Here are some fun facts about Super Bowl games held in Miami.
NAME GAME: The first five Super Bowls in Miami were held at the Orange Bowl near downtown, but the last five have been played in the Miami Gardens subdivision in northern Miami-Dade County -- a short Patrick Mahomes pass from neighboring Broward County. The stadium is now called Hard Rock Stadium, but the venue has had four different names when it hosted a Super Bowl -- Joe Robbie Stadium in 1995, Pro Player Stadium in 1999, Dolphin Stadium in 2007 and Sun Life Stadium in 2010. Joe Robbie Stadium, the complex's original name, opened Aug. 16, 1987, and was named for the Dolphins' first owner.
GUARANTEED: The most famous Super Bowl may have been the one played at the Orange Bowl in January 1969, if only for the brashness of New York Jets quarterback Joe Namath. The Jets, of the AFL, were huge underdogs to the NFL champion Baltimore Colts. Speaking at a banquet in Miami in the days leading up to the game, Namath proclaimed, "We're going to win Sunday. I guarantee it." Namath backed up his words as the Jets stunned the Colts, 16-7, giving the AFL some legitimacy after the league lost the first two championship games. Perhaps not as dramatically, San Francisco defensive back Tim McKyer brandished a finger three days before Super Bowl XXIII and declared, "The ring is as good as there."
BE CAREFUL: Miami has not always been kind to Super Bowl several players through the years. Cincinnati Bengals running back Stanley Wilson had a drug relapse just before Super Bowl XXIII in 1989, and Atlanta Falcons safety Eugene Robinson was arrested the night before Super Bowl XXXIII in 1999 on charges of solicitation. The same year Wilson had his relapse, riots broke out in Miami's downtown community of Overtown. The unrest ignited when a Hispanic policeman shot and killed a black motorcyclist. That happened the Monday before the San Francisco 49ers and Bengals met.

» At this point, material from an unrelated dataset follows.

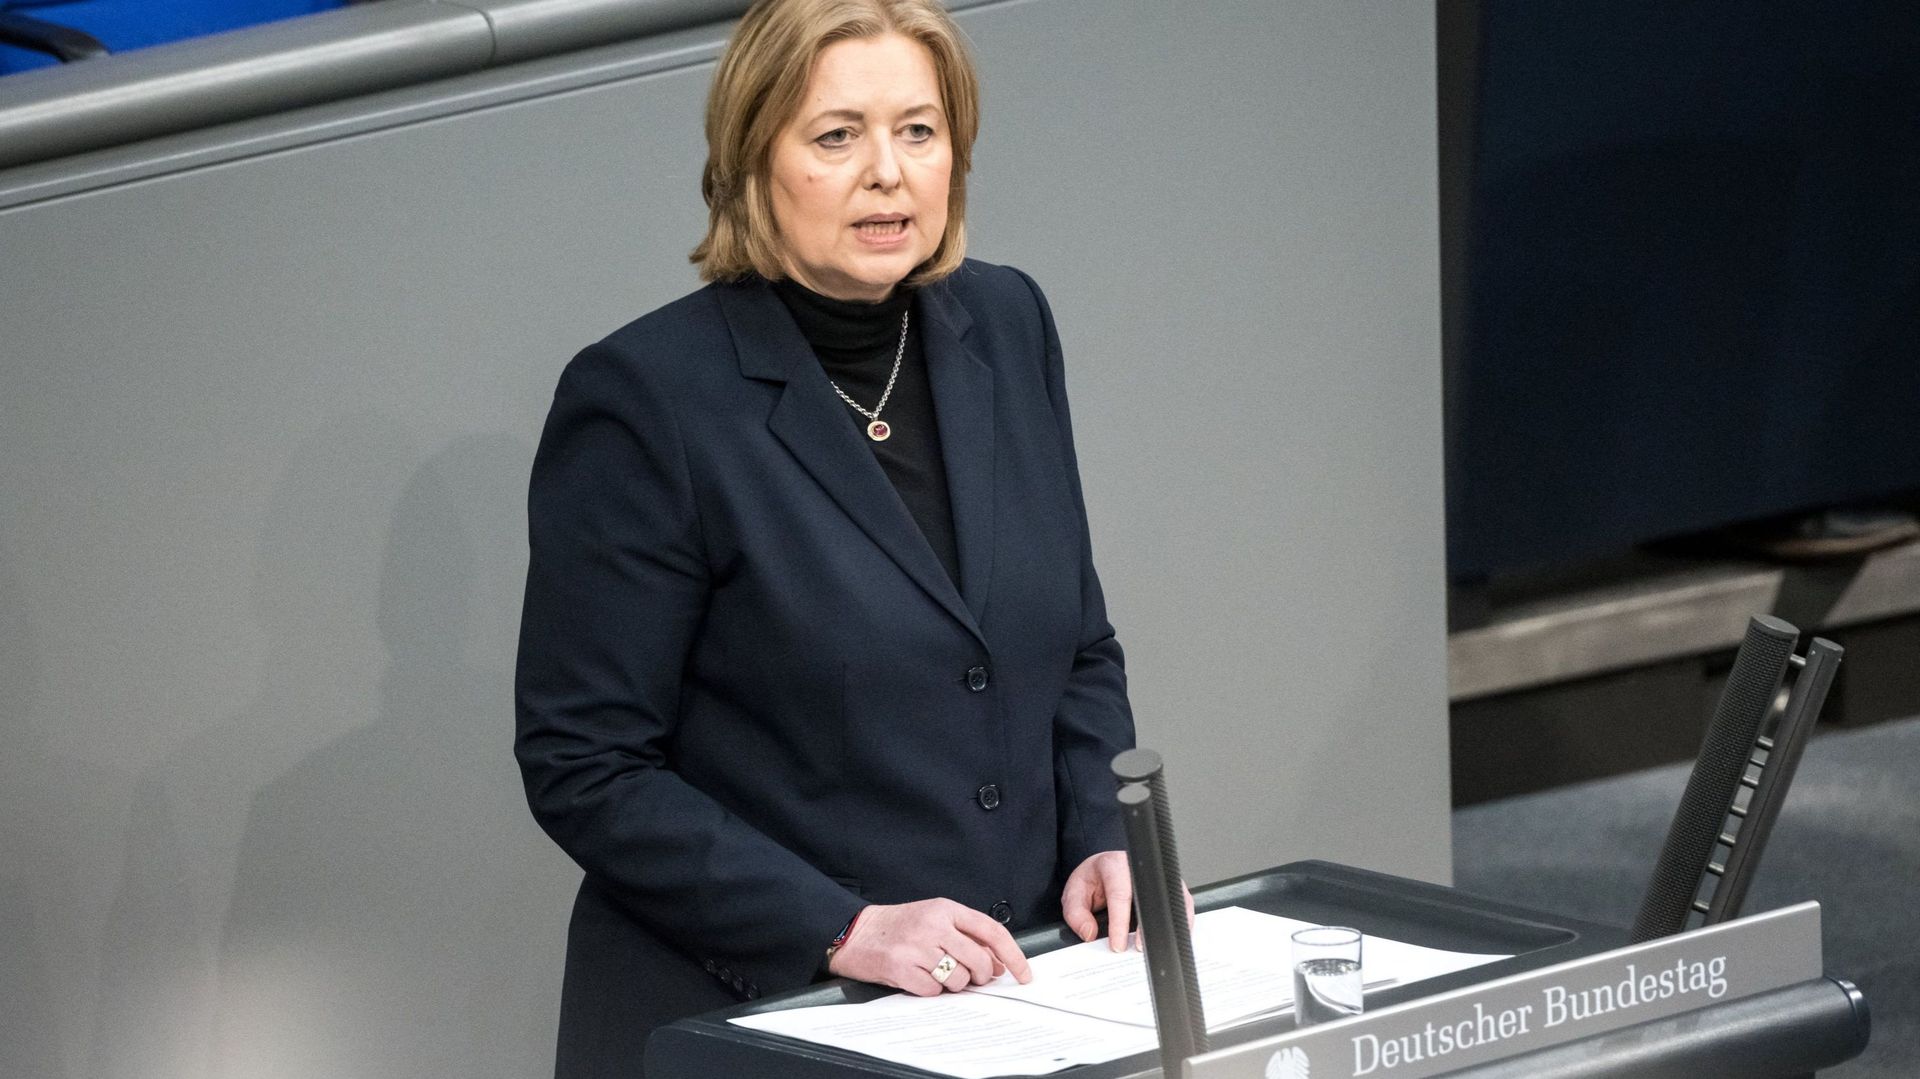 La présidentz du Bundestag, M. Baerbel Bas, prend la parole lors de la cérémonie annuelle à la mémoire des victimes et des survivants de l’Holocauste dans la salle plénière du Bundestag, la chambre basse du parlement allemand, à Berlin, le 27 janvier 2023
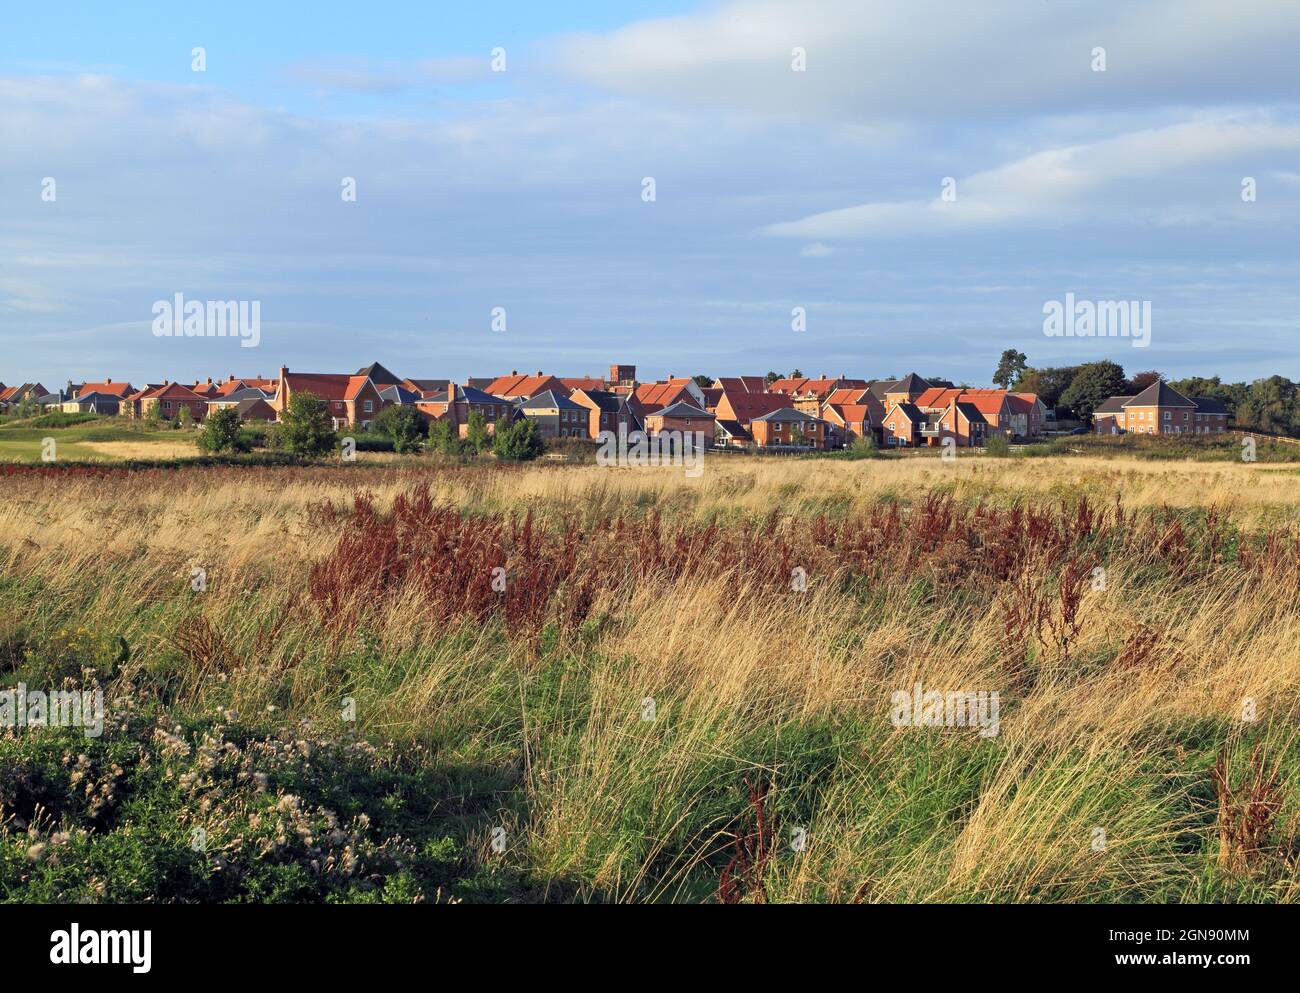 Butterfield Meadow, Heacham, Hunstanton, nouveau développement de logements, domaine, Sur des terres agricoles antérieures, en train de disparaître en milieu rural en Angleterre Banque D'Images

PRICEY: According to The New York Times, tickets for the first Super Bowl in January 1967 cost $6, $10 and $12 at the Los Angeles Coliseum. Adjusted for inflation, that $12 ticket works out to $93.73 is 2020 dollars, according to ESPN. In today's market, $94 is not even enough for parking near Hard Rock Stadium.
STRIPPED: South Florida, already awash in adult entertainment, is gearing up for this year's big game. Three miles from Hard Rock Stadium, Tootsie's Cabaret, a sprawling 74,000-square foot establishment, is the largest strip club in the United States, the Sun-Sentinel reported. However, big is not necessarily better. The Gold Club, in Pompano Beach, will feature exotic dancer Tiny Texie, who stands 42 inches tall and weighs 38 pounds.